[Records from a data source]
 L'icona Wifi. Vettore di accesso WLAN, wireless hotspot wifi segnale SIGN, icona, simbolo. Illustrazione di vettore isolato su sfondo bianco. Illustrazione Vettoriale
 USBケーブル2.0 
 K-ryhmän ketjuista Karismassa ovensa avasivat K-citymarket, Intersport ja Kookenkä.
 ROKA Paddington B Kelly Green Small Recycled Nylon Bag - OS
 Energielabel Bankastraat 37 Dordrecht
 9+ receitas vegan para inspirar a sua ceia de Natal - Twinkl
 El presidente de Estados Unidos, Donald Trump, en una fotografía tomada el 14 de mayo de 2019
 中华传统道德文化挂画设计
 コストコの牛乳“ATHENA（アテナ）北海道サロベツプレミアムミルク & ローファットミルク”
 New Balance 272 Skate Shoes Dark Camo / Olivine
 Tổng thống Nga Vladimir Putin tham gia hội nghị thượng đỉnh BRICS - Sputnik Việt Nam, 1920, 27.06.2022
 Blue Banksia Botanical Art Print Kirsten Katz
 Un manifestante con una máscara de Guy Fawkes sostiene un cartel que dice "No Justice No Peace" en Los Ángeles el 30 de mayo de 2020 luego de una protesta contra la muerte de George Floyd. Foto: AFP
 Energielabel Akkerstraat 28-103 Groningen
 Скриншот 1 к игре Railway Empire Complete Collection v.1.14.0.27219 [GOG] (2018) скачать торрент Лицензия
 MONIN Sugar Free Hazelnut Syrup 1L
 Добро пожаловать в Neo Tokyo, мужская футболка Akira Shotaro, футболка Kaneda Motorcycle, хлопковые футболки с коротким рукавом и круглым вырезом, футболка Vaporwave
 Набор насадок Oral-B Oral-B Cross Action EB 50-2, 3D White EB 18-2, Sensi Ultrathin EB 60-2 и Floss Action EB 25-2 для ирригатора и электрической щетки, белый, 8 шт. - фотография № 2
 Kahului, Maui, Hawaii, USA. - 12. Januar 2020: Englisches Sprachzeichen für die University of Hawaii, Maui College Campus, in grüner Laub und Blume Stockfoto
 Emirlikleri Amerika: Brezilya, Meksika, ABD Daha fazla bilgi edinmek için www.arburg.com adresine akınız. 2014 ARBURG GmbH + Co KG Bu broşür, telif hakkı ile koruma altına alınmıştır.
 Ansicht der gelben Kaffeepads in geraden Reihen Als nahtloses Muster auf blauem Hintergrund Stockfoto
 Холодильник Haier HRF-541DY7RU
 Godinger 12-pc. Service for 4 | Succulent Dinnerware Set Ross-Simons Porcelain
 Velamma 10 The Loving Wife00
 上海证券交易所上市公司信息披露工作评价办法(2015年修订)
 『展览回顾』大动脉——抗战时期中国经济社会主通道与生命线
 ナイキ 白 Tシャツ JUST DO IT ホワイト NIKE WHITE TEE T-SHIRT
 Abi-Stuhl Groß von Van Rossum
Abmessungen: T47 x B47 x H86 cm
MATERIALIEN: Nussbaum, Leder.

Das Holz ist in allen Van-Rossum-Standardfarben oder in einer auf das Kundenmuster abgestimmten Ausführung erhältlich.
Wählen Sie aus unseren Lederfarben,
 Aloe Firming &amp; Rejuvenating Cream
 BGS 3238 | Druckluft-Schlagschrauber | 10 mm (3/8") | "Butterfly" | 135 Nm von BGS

» **Your assignment**
There is a line with "中华传统道德文化挂画设计" and a line with "Добро пожаловать в" above. Copy exactly those two lines and all lines between them, with nothing else.

» **The completed task**
 中华传统道德文化挂画设计
 コストコの牛乳“ATHENA（アテナ）北海道サロベツプレミアムミルク & ローファットミルク”
 New Balance 272 Skate Shoes Dark Camo / Olivine
 Tổng thống Nga Vladimir Putin tham gia hội nghị thượng đỉnh BRICS - Sputnik Việt Nam, 1920, 27.06.2022
 Blue Banksia Botanical Art Print Kirsten Katz
 Un manifestante con una máscara de Guy Fawkes sostiene un cartel que dice "No Justice No Peace" en Los Ángeles el 30 de mayo de 2020 luego de una protesta contra la muerte de George Floyd. Foto: AFP
 Energielabel Akkerstraat 28-103 Groningen
 Скриншот 1 к игре Railway Empire Complete Collection v.1.14.0.27219 [GOG] (2018) скачать торрент Лицензия
 MONIN Sugar Free Hazelnut Syrup 1L
 Добро пожаловать в Neo Tokyo, мужская футболка Akira Shotaro, футболка Kaneda Motorcycle, хлопковые футболки с коротким рукавом и круглым вырезом, футболка Vaporwave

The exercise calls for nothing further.